Tim Davies: Joined Up Philanthropy data standards: seeking simplicity, and depth
Data & Society / saved 2014-01-09
Summary:
[Summary: technical notes on work in progress for the Open Philanthropy data standard ]
I’m currently working on sketching out a alpha version of a data standard for the Open Philanthropy project (soon to be 360giving). Based on work Pete Bass has done analysing the supply of data from trusts and foundations, a workshop on demand for the data , and a lot of time spent looking at existing standards at the content layer ( eGrant/hGrant , IATI , Schema.org , GML etc) and deeper technical layers (CSV, SDF , XML , RDF , JSON , JSON-Schema and JSON-LD ), I’m getting closer to having a draft proposal. But – ahead of that – and spurred on by discussions at the Berkman Center this afternoon about the role of blogging in helping in the idea-formation process, here’s a rough outline of where it might be heading. (What follows is ‘thinking aloud’ from my work in progress, and does not represent any set views of the Open Philanthropy project)
Building Blocks: Core data plus
There are lots of things that different people might want to know about philanthropic giving, from where money is going, to detailed information on the location of grant beneficiaries, information on the grant-making process, and results information. However, few trusts and foundations have all this information to hand, and very few are likely to have it in a single system such that creating an single open data file covering all these different areas of the funding process would be an easy task. And if presented with a massive spreadsheet with 100s of columns to fill in, many potential data publishers are liable to be put off by the complexity. We need a simple starting point for new publishers of data, and a way for those who want to say more about their giving to share deeper and more detailed information.
The approach to that should be a modular, rather than monolithic standard: based on common building blocks. Indeed, in line with the Joined Up Data efforts initiated by Development Initiatives, many of these building blocks may be common across different data standards.
In the Open Philanthropy case, we’ve sketched out seven broad building blocks, in addition to the core “who, what and how much” data that is needed for each of the ‘funding activities’ that are the heart of an open philanthropy standard.
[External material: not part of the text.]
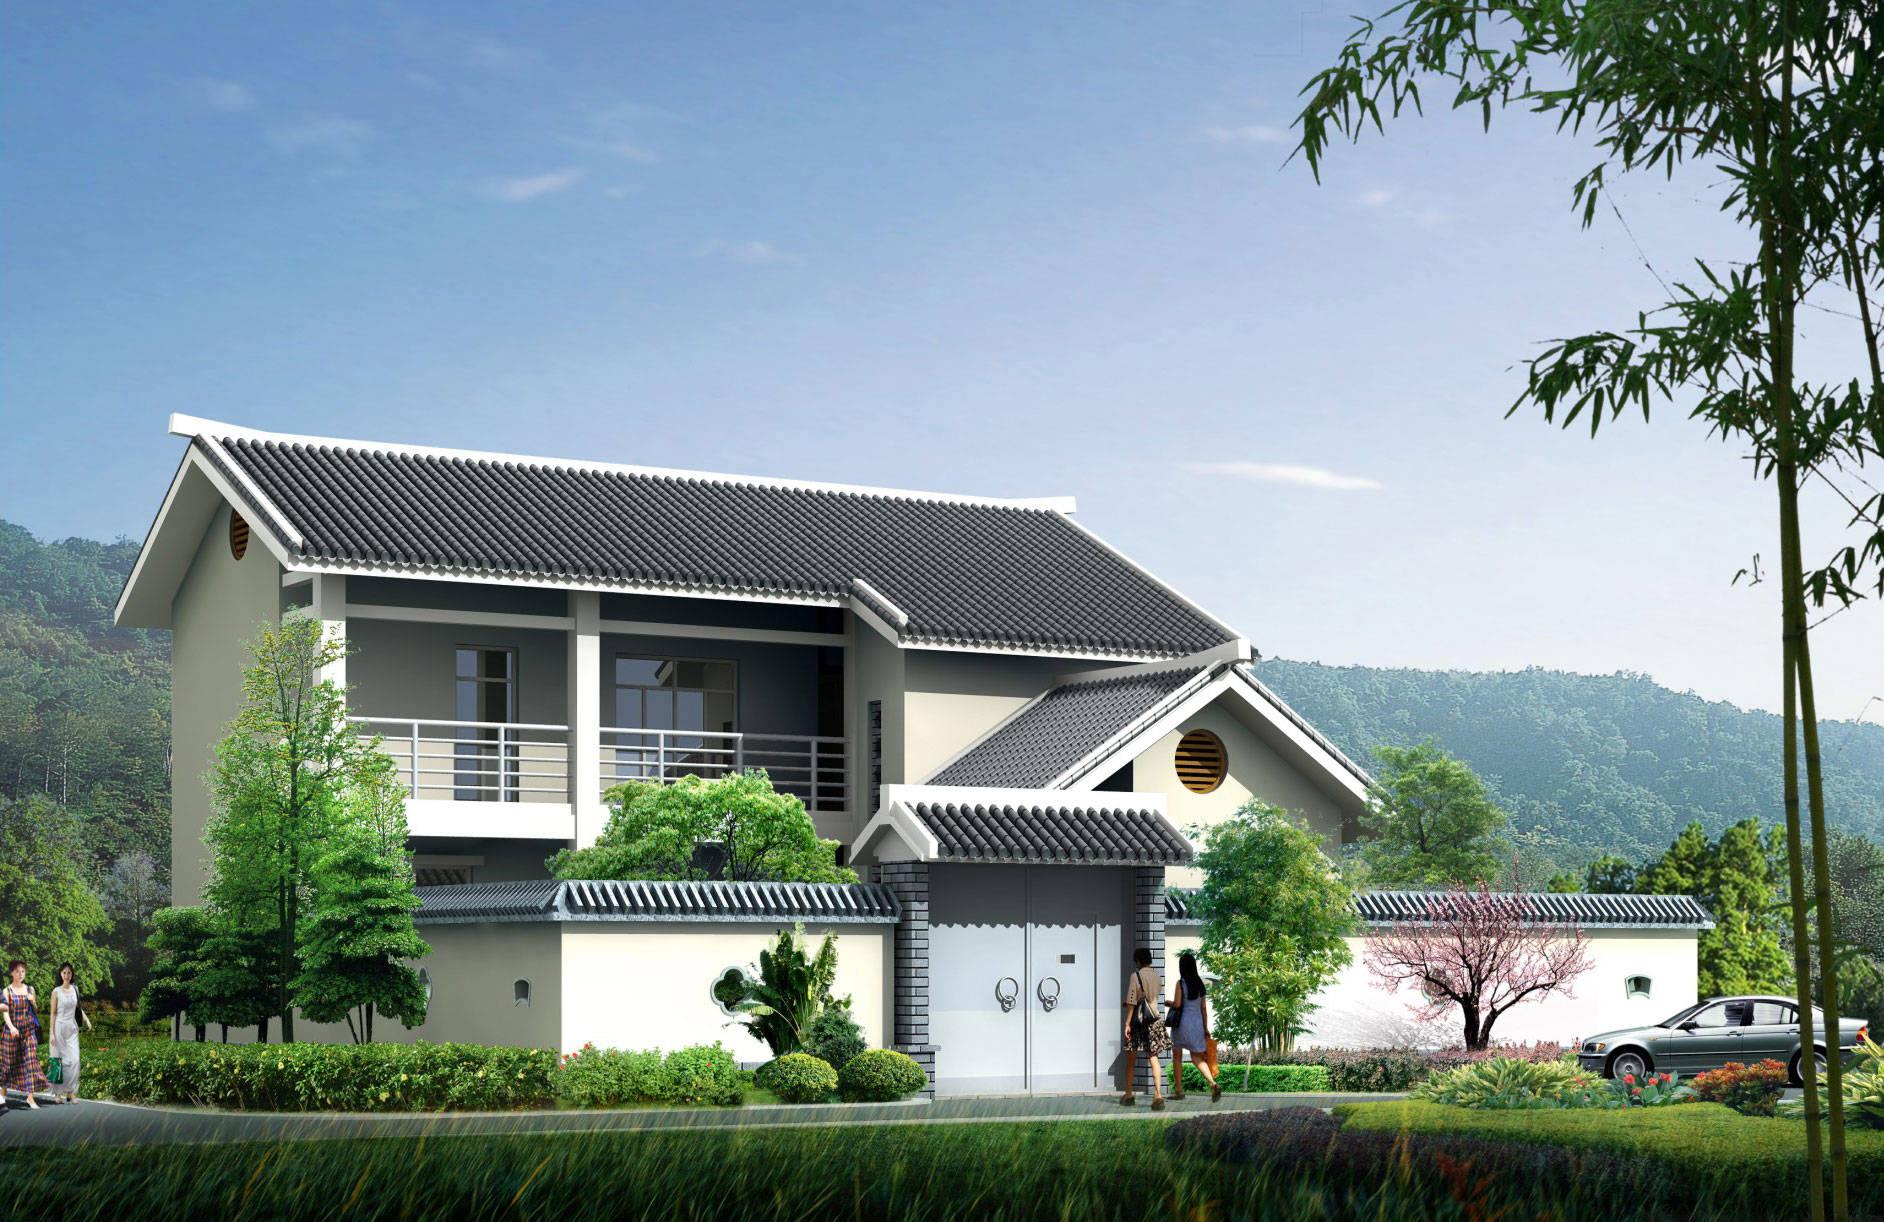 新农村自建房设计图纸cad全套 别墅一层三层二层联排效果图施工

These are:
Organisations - names, addresses and other details of the organisations funding, receiving funds and partnering in a project
Process - information about the events which take place during the lifetime of a funding activity
Locations - information about the geography of a funded activity – including the location of the organisations involved, and the location of beneficiaries
Transactions - information about pledges and transfers of funding from one party to another
Results - information about the aims and targets of the activity, and whether they have been met
Classifications - categorisations of different kinds that are applied to the funded activity (e.g. the subject area), or to the organisations involved (e.g. audited accounts?)
Documents - links to associated documents, and more in-depth descriptions of the activity
Some of these may provide more in-depth information about some core field (e.g. ‘Total grant amount’ might be part of the core data, but individual yearly breakdowns could be expressed within the transactions building block), whilst others provide information that is not contained in the core information at all (results or documents for example).
An ontological approach: flat > structured > linked
One of the biggest challenges with sketching out a possible standard data format for open philanthropy is in balancing the technical needs of a number of different groups:
Publishers of the data need it to be as simple as possible to share their information. Publishing open philanthropy must be simple, with a minimum of technical skills and resources required. In practice, that means flat, spreadsheet-like data structures.
Analysts like flat spreadsheet-style data too – but often want to be able to cut it in different ways. Standards like IATI are based on richly structured XML data, nested a number of levels deep, which can make flattening the data for analysts to use it very challenging.
Coders prefer structured data. In most cases for web applications that means JSON. Whilst some expressive path languages for JSON are emerging , ideally a JSON structure should make it easy for a coder to simply drill-down in the tree to find what they want, so being able to look for activity.organisations.fundingOrganisation[0] is better than having to iterate through all the activity.organisation nodes to find the one which has “type”:”fundingOrganisation” .
Data integrators want to read data into their own preferred database structures, from noSQL to relational databases. Those wanting to integrate heterogeneous data sources from different ‘Joined Up Data’ standards might also benefit from Linked Data approaches, and graph-based data using cross-mapped ontologies.
It’s pretty hard to see how